Il est bien entendu que l’homme, être foncièrement libertin, pousse à l’excès le goût du changement et apporte dans la pratique de l’amour une brutalité dont s’effarouche la femme, créature d’essence délicate, ô combien !… Ça n’empêche pas que le nombre des femmes trompées soit inférieur d’un bon tiers à celui des hommes cocus. Il n’y a pas que les instincts, en effet ; il y a aussi ce facteur : la possibilité de les satisfaire, et on oublie que par centaines et par centaines de milliers, les employés de ministères, de commerce, de chemins de fer, de banque, n’ont ni le moyen d’entretenir des maîtresses, ni le temps qui leur serait nécessaire pour déchaîner des passions.

Et la réciproque n’est pas vraie. J’ai le regret d’être forcé de dire que, dans nombre de jeunes ménages choisis parmi le monde des petits fonctionnaires, le mari, qui gagne 6.000 francs, vit sur le pied de 15.000 sans s’en apercevoir.

— Chou, dit Virginie à Paul qui, avant de se rendre au bureau, trace sa raie devant l’armoire à glace, j’ai quelque chose à te demander. Je me trouve un peu à court ; pourrais-tu, sans te gêner, me faire une petite avance ?… Oh ! pas grosse !… Une trentaine de francs ; de quoi atteindre la fin du mois.

— Comment, une avance, fait Paul. Nous ne sommes qu’au 28 et tu n’as plus le sou ! Qu’est-ce que tu fais de ton argent ?

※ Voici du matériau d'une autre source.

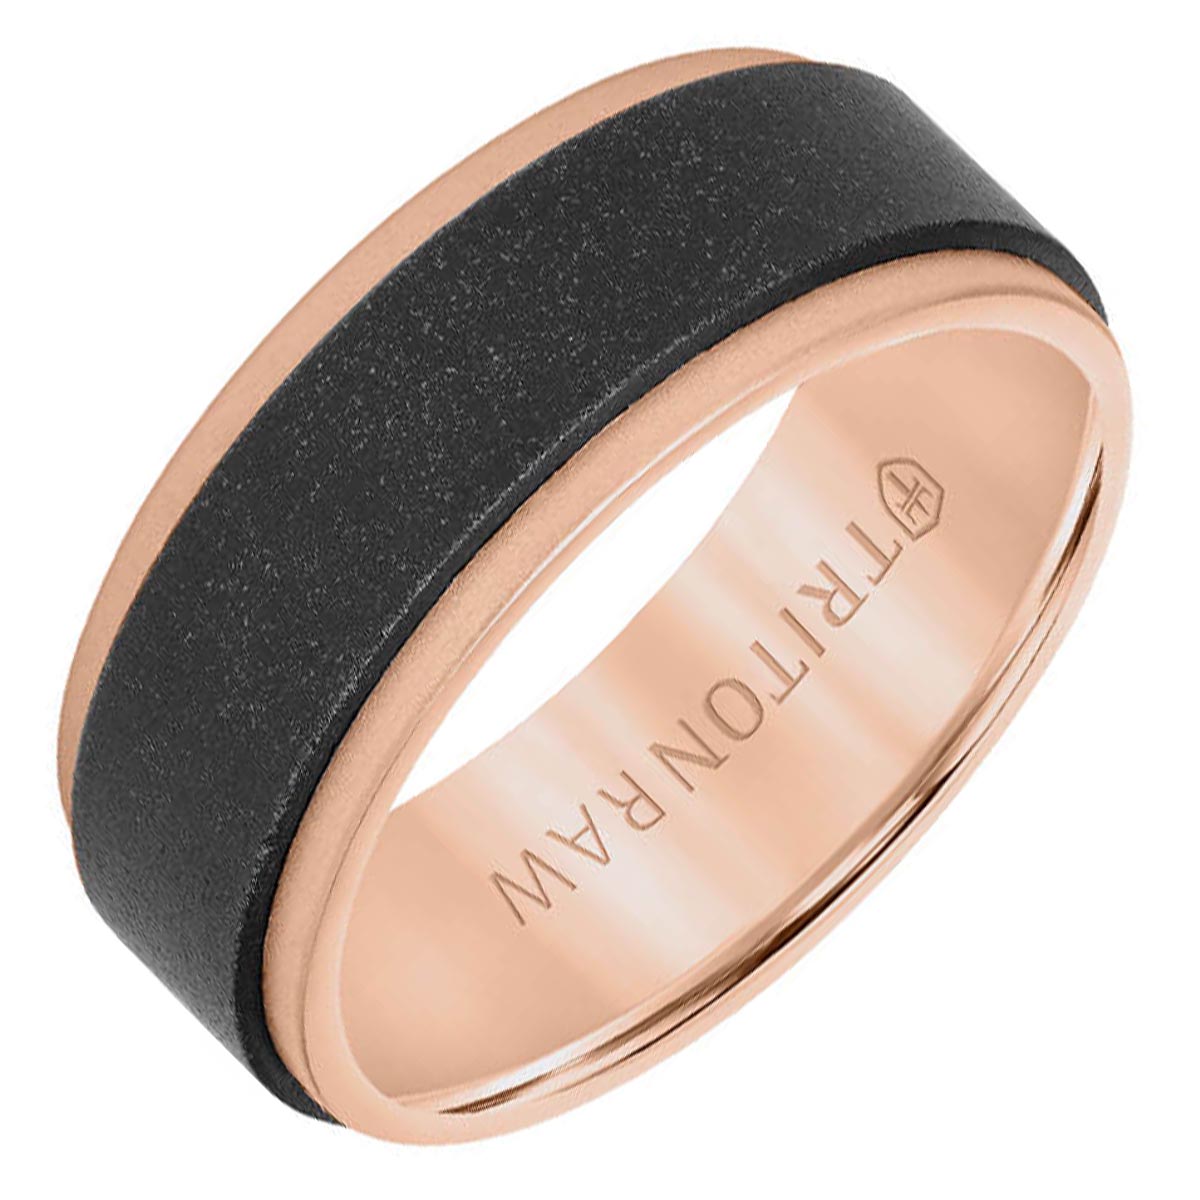 Triton Mens Wedding Band in 14kt Rose Gold and Tungsten (8mm)

Il s’étonne, et il en a le droit. Ce mois-ci encore, comme chaque mois depuis trois mois qu’ils sont mariés, il lui a fidèlement versé la totalité ou presque de ce qu’il touche, gardant pour lui une maigre somme de 60 francs : les deux francs par jour nécessaires à ses frais de journaux, de tabac, d’apéritif et de métro. Il veut se fâcher, et il le ferait, si son cœur ne se prenait de pitié, à l’apercevoir dans la glace, grosse comme deux liards de beurre, menue, menue, menue, toute petite fille avec ses pauvres yeux craintifs qui regardent ses pauvres petits doigts tripoter de grosses confusions.

— Gamine, va ! Tête sans cervelle !

Toute sa mauvaise humeur avorte dans une tendresse attendrie.

Seulement, il y a la question, la fâcheuse question des 30 francs. C’est un peu plus que ce qu’il possède ; et il ne peut, quand le diable y serait, rester sans un centime sur lui.

Soudain il trouve :

— On va partager en copains. Douze francs chacun. Ça fait le compte ? — Et puis, plus de blague, hein ? Sois sage ! Fais attention, une autre fois.

— Merci, chou.

— Donne ta bouche.

Jeunesse !…

Quelques semaines s’écoulent.

Un matin :

— Chou, fait Virginie, je te dirais bien quelque chose, mais j’ai peur de te mettre en colère. Tout de même, voilà ! Ce coup-ci encore, je suis un petit peu gênée… Si tu pouvais, sans que, toi-même…

Mais elle n’en peut dire davantage.

Devenu pareil à un monsieur dont on a mis le train de derrière en communication avec la bouteille de Leyde :

— Hein ? Quoi ? Encore une avance ! s’exclame Paul. Ça va devenir une habitude ? Oh ! mais, ma fille, je te préviens, ça ne peut pas continuer comme ça. Qui est-ce qui m’a bâti une bouffeuse d’argent pareille, qui reçoit plus de 500 francs par mois pour faire marcher sa maison, et à laquelle ça ne suffit pas !

— Paul…

— C’est bon.

— Tout est tellement cher…

— Raison de plus pour ouvrir l’œil et te rappeler qu’un et un font deux. C’est ton devoir de bonne ménagère. Mon père, qui ne gagnait pas ce que je gagne, ne donnait pas à maman ce que je te donne. Elle y arrivait, cependant. Fais comme elle, ou nous nous fâcherons. Voilà 5 francs ; c’est tout ce que je peux faire pour toi. Et tu sais, c’est la dernière fois. Tu peux te tenir pour avertie.

— Bien.

— Ça passe la supposition ! On n’a pas idée de cela, ma parole d’honneur !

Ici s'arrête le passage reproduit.